After the Storm

Weather forecasting is a complex undertaking, especially in India. Now, meteorologists are turning to Artificial Intelligence to find solutions. It could help save millions of lives.

After the Storm, by Prthvir Solanki, Illustration by Akshaya Zachariah for FiftyTwo.in. Part of a series of stories called Paradigm Shift in collaboration with MIcrosoft India.

Paradigm / Shift: Stories of innovation, shaped by intelligence.

Listen to an audio version of this story, narrated by Harsha Bhogle.

Editor’s note: This story is a textual version of the podcast’s script. It has been edited and condensed for clarity. This story and the podcast are brought to you in partnership with Microsoft India.

On 29 October 1999, a “Super Cyclone” called Paradip devastated parts of Odisha and the east coast of India. At wind speeds of almost 250 kms per hour, it ravaged through the land, clearing out everything in its path. Fields were left barren, trees uprooted like mere matchsticks, entire towns devastated. More than 10,000 people lost their lives.

Fast forward to two decades later. In 2020, bang in the middle of the Covid-19 pandemic, another cyclone—known as Amphan—speeds through the Bay of Bengal. It crashes into the land like Paradip did in 1999. Like before, many homes are destroyed and structures uprooted. But one thing is different: this time’s death toll is 98. That’s a 100 times lower than 1999’s casualties.

What made this difference possible? Simply put: better, timely and more accurate weather prediction.

Does this mean meteorologists have gotten better at weather forecasting? Not necessarily. Weather prediction has always been an unforgiving and difficult task. It’s one that Dr. Shafiqul Islam, a professor of Civil and Environmental Engineering and Water Diplomacy at Tufts University, and his team have been studying for years.

“I can predict exactly where the sun will be on the fourth of April at 11am,” Islam says. If you’re wondering how he’s able to do this, it’s because Professor Islam and team have developed certain basic mathematical methods to know how the planets are moving.

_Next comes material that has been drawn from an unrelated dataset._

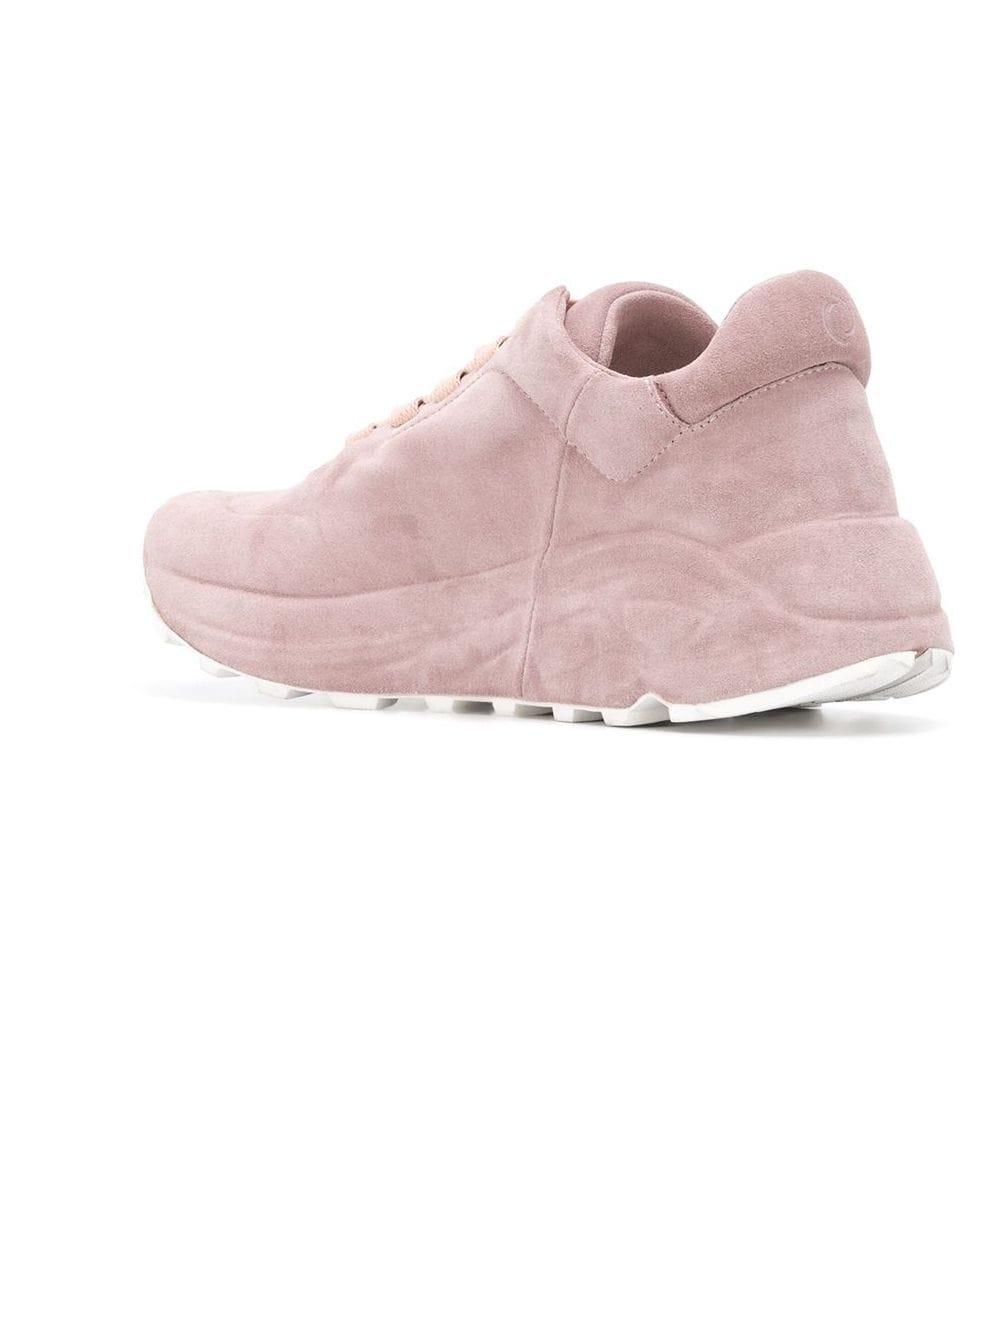 Roberto Del Carlo Leather De Carlo Sneakers in Pink - Lyst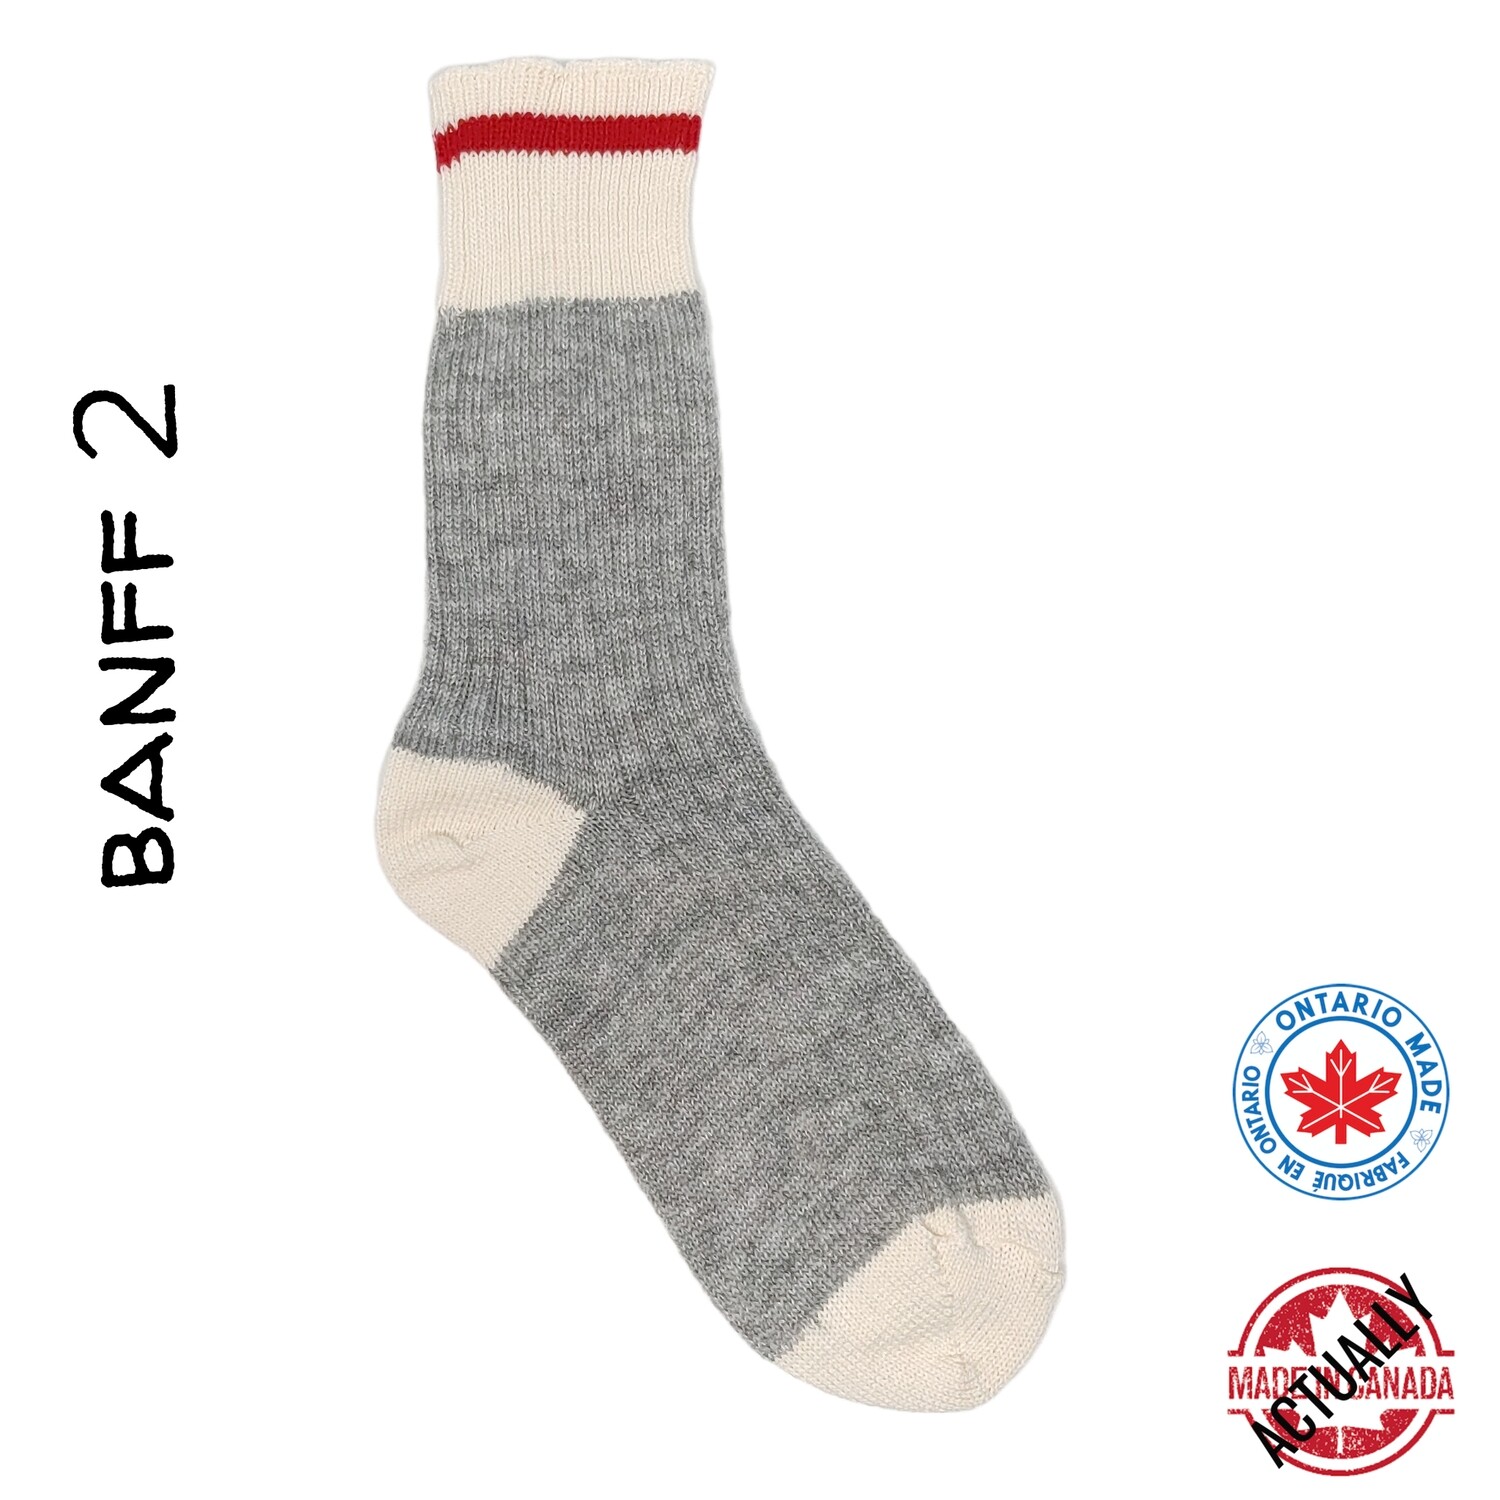 Banff 2 Wool Cabin Socks 2-pair pack Socks

“That gives us a very strong certainty that things are extremely predictable,” he says. “I can tell you where the sun will be a hundred years from now, I don’t have to relearn astrology. But the India Meteorological Department, or even the National Institute in Boston, cannot tell me if it will rain on Friday.”

In simple words, Professor Islam is trying to explain why weather prediction is incredibly complex. There are some things you can predict reliably and many other things that you just can’t.

“The difference is that although these are based on fundamental mathematics and physics, the physics is different,” he goes on. “The physics for celestial bodies is predictable, it’s more or less linear. But the physics for weather is extremely non-linear. It depends on the initial conditions, it depends on the boundary conditions. As a result of a small error that you make in the initial condition, it will blow up in a few days.”

In fact, weather forecasting is as good as the initial data we receive. Once we get some variables—say temperature, pressure, or humidity—we make a prediction. Now, the interesting part is that over many decades, weather stations around the world have managed to improve the volume of data that they are able to gather.

“The physics for celestial bodies is predictable, it’s more or less linear. But the physics for weather is extremely non-linear.”

Professor Shafiqul Islam

Today, organisations like the IMD can station ships deep in the ocean to receive information about water temperatures; they have satellites up in the sky to track clouds; there are buoys placed across the waters to get a sense of the ocean currents; there are doppler radars and anemometers for information about wind speeds. All of this helps a meteorologist condense disparate bits and pieces of data into a single mathematical equation. 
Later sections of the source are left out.